Your instructions - Find "922d7e701 JAZZEVAR New" and "The best coffee shops in Pasadena" in the records below. Copy the lines holding them and every line between, exactly, and no others.
★ ★ ★ ★ ★
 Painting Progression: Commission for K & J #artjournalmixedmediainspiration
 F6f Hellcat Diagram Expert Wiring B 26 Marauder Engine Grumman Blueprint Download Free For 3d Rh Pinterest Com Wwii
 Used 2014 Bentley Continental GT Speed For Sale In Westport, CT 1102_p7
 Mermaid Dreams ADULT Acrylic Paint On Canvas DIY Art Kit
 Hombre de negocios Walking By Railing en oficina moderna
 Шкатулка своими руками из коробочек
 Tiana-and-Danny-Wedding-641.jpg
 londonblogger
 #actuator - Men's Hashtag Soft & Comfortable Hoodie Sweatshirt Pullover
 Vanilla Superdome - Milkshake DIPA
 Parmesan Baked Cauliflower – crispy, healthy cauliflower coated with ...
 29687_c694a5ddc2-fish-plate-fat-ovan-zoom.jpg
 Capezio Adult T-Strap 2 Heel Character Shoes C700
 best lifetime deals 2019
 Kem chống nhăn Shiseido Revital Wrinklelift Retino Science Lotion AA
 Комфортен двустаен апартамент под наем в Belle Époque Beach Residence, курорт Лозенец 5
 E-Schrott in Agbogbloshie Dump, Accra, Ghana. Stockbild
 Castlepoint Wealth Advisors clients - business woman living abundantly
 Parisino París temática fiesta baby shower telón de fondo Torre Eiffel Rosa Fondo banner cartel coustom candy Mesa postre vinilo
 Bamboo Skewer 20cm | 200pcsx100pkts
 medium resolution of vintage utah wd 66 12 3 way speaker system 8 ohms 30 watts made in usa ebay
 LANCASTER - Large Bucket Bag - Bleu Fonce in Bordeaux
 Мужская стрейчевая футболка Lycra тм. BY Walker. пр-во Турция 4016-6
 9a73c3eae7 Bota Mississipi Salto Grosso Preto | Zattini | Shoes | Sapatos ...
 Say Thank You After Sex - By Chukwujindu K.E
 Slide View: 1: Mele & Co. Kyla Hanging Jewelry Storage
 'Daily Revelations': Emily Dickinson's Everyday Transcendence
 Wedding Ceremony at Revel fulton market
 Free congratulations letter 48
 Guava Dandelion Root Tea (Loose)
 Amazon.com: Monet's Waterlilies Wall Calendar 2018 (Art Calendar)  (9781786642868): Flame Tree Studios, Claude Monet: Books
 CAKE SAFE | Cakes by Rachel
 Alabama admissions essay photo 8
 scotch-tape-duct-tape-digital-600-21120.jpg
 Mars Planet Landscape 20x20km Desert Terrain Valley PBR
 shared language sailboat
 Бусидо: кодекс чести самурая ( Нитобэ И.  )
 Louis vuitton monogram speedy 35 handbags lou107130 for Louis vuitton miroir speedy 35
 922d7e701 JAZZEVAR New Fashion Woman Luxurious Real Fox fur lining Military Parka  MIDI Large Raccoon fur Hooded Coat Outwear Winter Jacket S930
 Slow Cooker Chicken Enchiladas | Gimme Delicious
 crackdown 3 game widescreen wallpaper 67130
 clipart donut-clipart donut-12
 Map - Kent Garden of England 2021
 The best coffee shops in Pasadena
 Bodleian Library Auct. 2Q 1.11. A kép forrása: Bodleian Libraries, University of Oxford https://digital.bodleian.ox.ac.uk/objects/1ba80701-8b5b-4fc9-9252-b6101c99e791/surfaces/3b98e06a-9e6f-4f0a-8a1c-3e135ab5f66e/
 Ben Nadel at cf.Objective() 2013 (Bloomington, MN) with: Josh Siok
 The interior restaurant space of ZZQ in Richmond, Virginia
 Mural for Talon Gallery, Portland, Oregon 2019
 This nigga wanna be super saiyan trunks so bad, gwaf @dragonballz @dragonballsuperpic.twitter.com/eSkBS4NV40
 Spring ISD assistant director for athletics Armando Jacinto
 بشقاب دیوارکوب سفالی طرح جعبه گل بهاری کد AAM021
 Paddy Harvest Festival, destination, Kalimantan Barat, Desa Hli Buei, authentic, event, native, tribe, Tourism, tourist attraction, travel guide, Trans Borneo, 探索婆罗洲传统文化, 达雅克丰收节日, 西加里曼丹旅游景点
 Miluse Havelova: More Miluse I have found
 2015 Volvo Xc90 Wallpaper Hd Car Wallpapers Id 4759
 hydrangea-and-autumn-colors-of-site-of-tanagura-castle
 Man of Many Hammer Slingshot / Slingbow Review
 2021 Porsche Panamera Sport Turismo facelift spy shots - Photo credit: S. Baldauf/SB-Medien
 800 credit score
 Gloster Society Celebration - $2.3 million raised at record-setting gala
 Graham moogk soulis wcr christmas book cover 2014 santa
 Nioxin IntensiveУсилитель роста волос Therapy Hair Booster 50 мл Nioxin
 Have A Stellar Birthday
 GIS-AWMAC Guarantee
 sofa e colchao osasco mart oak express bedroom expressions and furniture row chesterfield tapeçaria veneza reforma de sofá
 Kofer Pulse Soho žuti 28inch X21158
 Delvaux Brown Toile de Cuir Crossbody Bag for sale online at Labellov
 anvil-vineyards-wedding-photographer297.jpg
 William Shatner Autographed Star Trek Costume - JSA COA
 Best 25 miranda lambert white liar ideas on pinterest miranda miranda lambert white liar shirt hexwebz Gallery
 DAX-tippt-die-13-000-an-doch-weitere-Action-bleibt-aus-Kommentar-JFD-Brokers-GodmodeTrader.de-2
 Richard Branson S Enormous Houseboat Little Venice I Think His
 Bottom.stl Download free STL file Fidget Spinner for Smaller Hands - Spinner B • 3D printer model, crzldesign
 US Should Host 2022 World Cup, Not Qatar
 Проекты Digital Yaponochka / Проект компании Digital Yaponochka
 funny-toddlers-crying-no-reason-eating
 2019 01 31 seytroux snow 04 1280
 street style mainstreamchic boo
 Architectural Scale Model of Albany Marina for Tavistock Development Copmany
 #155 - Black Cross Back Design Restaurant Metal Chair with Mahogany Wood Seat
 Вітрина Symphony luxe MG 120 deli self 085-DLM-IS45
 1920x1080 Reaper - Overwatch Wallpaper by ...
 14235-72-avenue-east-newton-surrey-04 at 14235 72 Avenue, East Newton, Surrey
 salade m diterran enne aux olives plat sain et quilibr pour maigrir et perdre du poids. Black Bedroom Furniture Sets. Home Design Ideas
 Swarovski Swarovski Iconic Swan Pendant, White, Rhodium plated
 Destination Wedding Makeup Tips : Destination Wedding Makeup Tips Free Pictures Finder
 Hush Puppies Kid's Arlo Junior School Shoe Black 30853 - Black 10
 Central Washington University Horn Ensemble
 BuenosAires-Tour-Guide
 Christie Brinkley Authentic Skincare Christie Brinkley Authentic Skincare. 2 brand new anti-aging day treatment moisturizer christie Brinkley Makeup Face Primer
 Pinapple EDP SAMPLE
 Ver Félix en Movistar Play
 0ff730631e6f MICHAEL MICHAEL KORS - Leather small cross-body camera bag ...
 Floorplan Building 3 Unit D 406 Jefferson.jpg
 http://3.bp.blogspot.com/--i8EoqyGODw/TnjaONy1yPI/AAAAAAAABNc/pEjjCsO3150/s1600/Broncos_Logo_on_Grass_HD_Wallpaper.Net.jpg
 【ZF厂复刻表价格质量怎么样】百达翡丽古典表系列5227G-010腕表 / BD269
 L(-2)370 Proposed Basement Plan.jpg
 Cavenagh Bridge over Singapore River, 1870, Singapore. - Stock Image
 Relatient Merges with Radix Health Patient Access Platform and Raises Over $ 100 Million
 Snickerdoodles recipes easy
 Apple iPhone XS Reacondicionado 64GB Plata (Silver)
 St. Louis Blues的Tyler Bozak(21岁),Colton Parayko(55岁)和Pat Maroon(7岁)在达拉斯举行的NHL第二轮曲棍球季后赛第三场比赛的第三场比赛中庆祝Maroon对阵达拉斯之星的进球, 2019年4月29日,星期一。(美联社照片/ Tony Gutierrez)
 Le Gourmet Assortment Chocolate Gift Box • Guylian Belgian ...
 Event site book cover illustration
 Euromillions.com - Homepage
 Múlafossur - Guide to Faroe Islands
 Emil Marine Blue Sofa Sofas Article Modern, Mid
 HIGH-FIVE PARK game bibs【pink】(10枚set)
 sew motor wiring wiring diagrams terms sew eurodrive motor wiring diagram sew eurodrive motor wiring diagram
★ ★ ★ ★ ★
Response box -
 922d7e701 JAZZEVAR New Fashion Woman Luxurious Real Fox fur lining Military Parka  MIDI Large Raccoon fur Hooded Coat Outwear Winter Jacket S930
 Slow Cooker Chicken Enchiladas | Gimme Delicious
 crackdown 3 game widescreen wallpaper 67130
 clipart donut-clipart donut-12
 Map - Kent Garden of England 2021
 The best coffee shops in Pasadena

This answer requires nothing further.